Assignment:
Reproduce the listing word for word, leaving every picture behind.

Information shown:
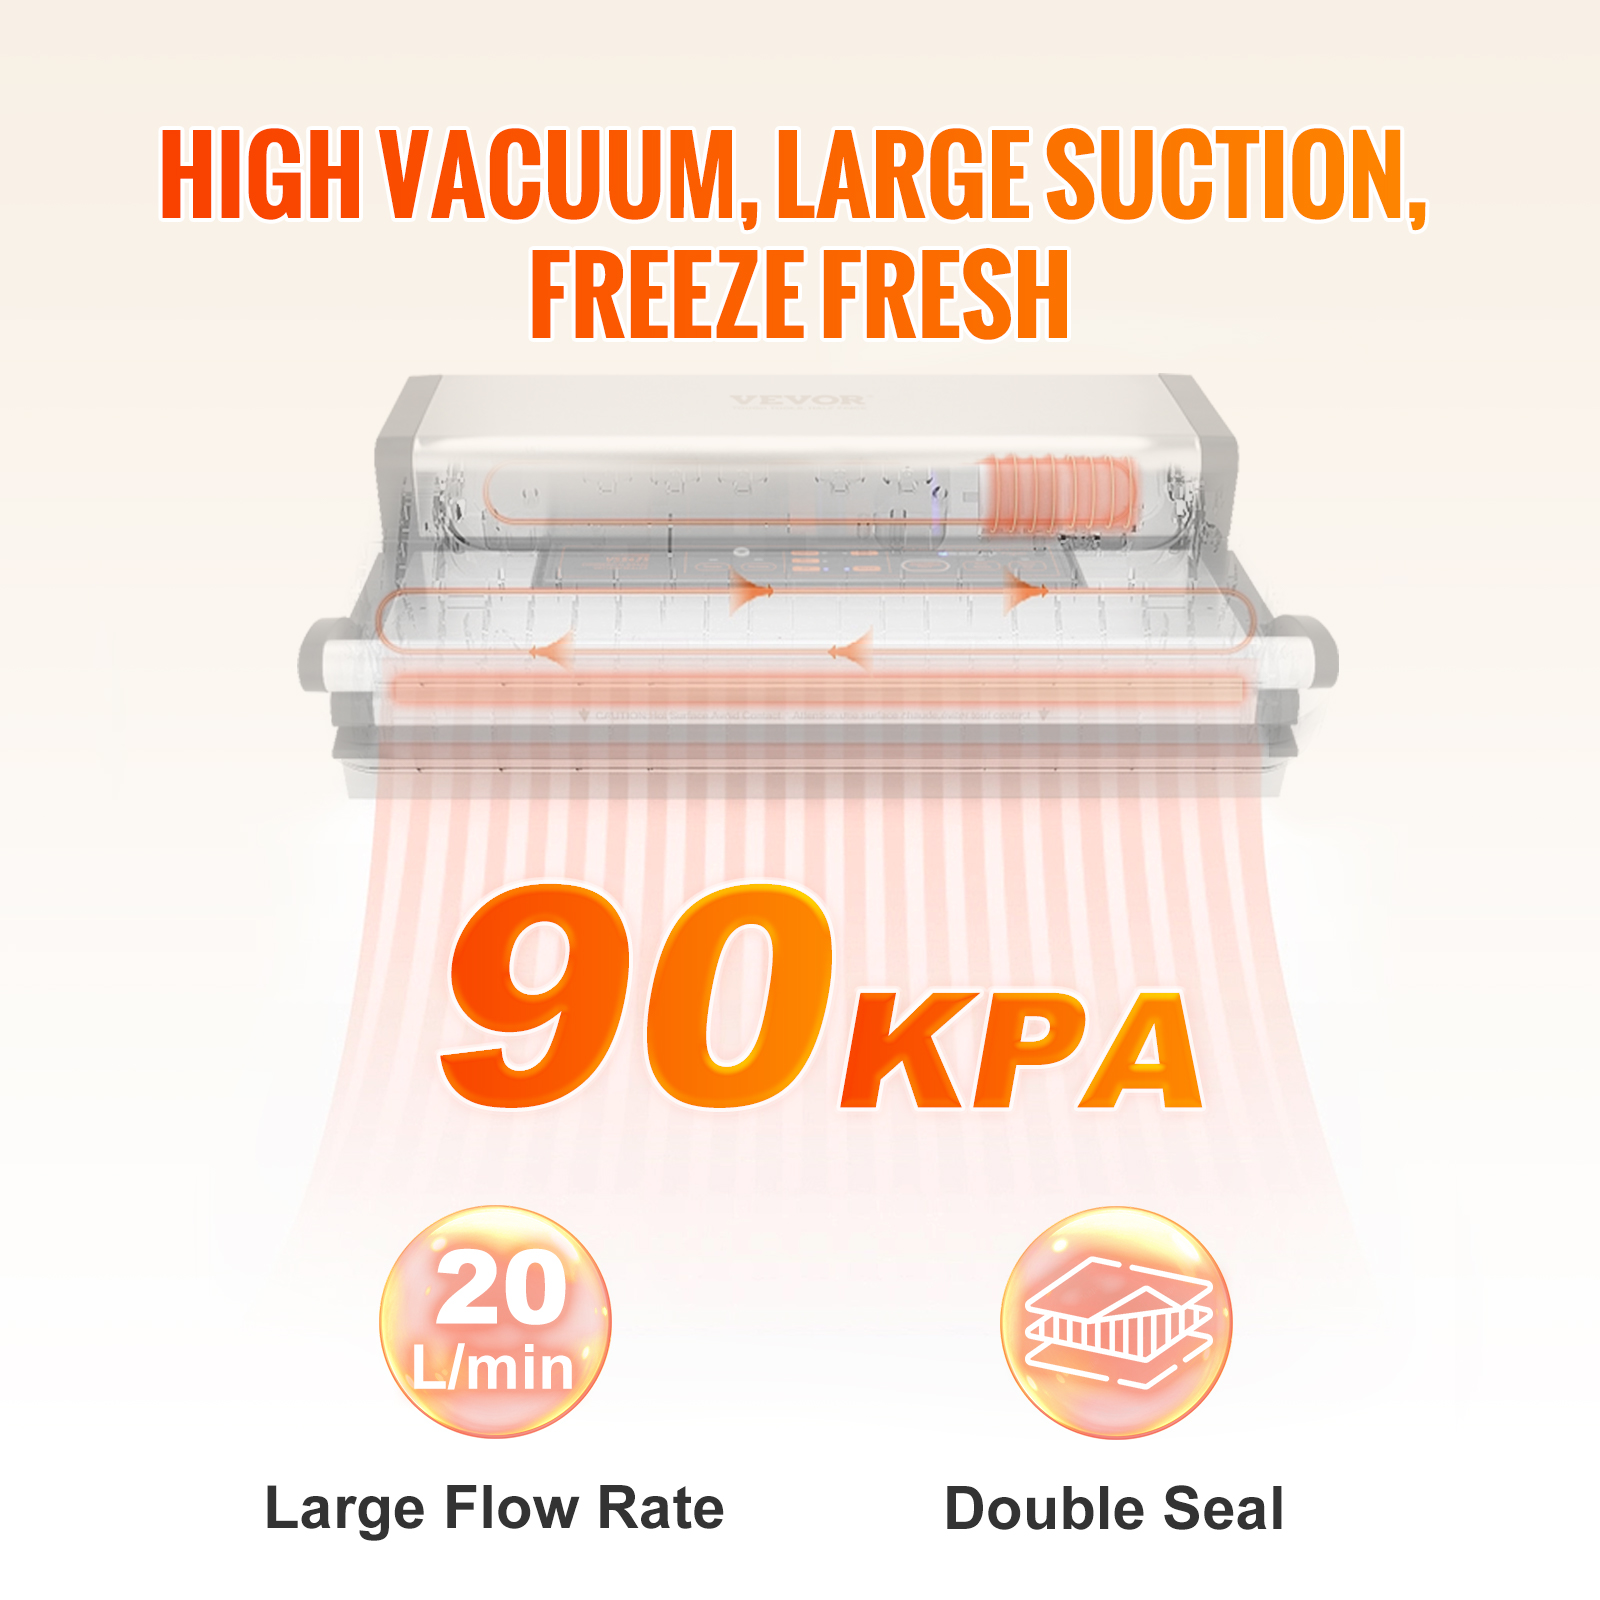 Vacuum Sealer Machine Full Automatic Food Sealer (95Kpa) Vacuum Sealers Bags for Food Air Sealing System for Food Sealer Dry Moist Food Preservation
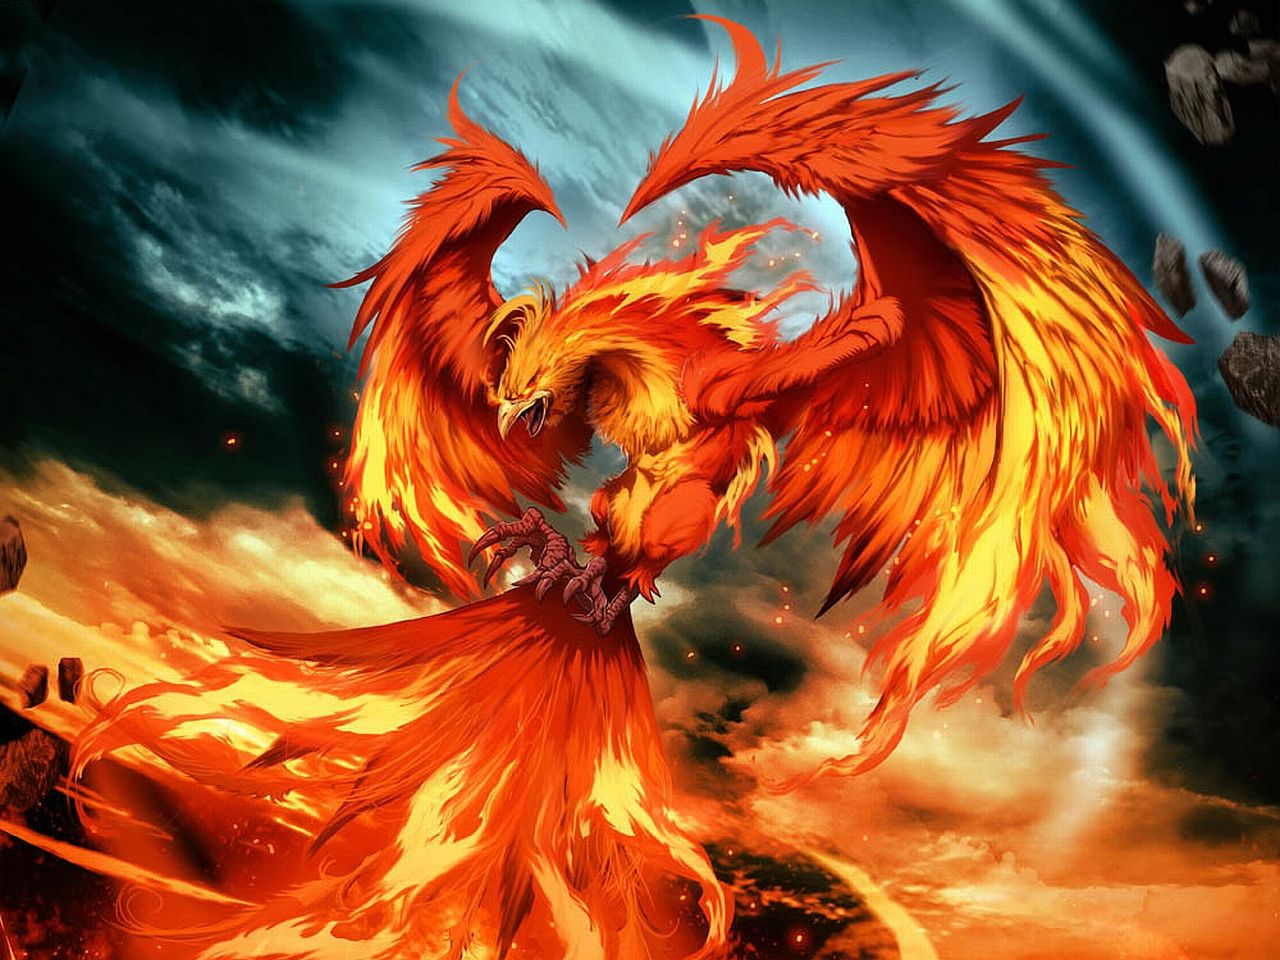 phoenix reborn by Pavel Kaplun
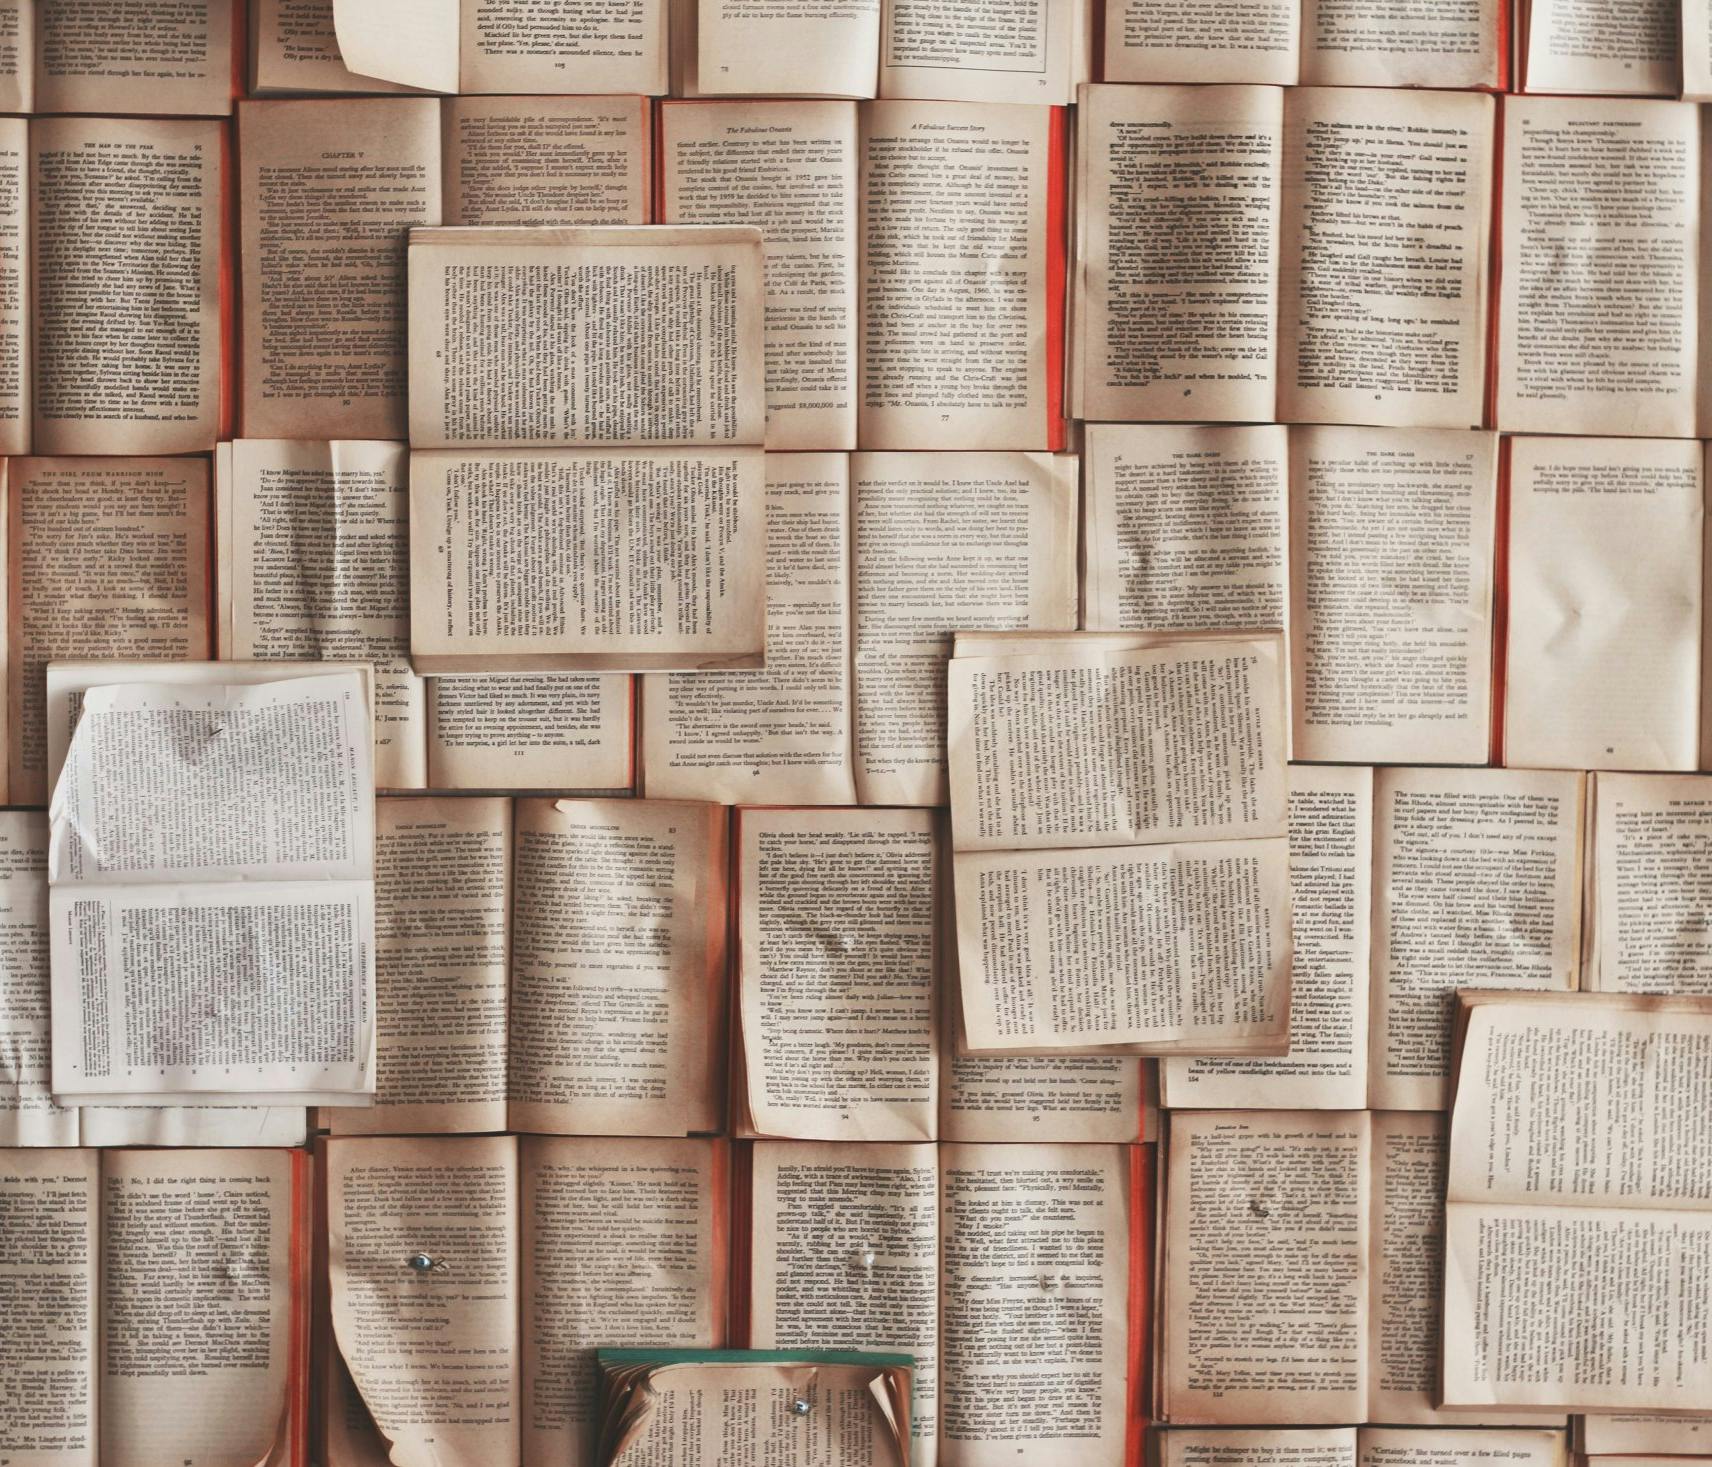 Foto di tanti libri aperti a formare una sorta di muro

Output below:
 Vacuum Sealer Machine Full Automatic Food Sealer (95Kpa) Vacuum Sealers Bags for Food Air Sealing System for Food Sealer Dry Moist Food Preservation
 phoenix reborn by Pavel Kaplun
 Foto di tanti libri aperti a formare una sorta di muro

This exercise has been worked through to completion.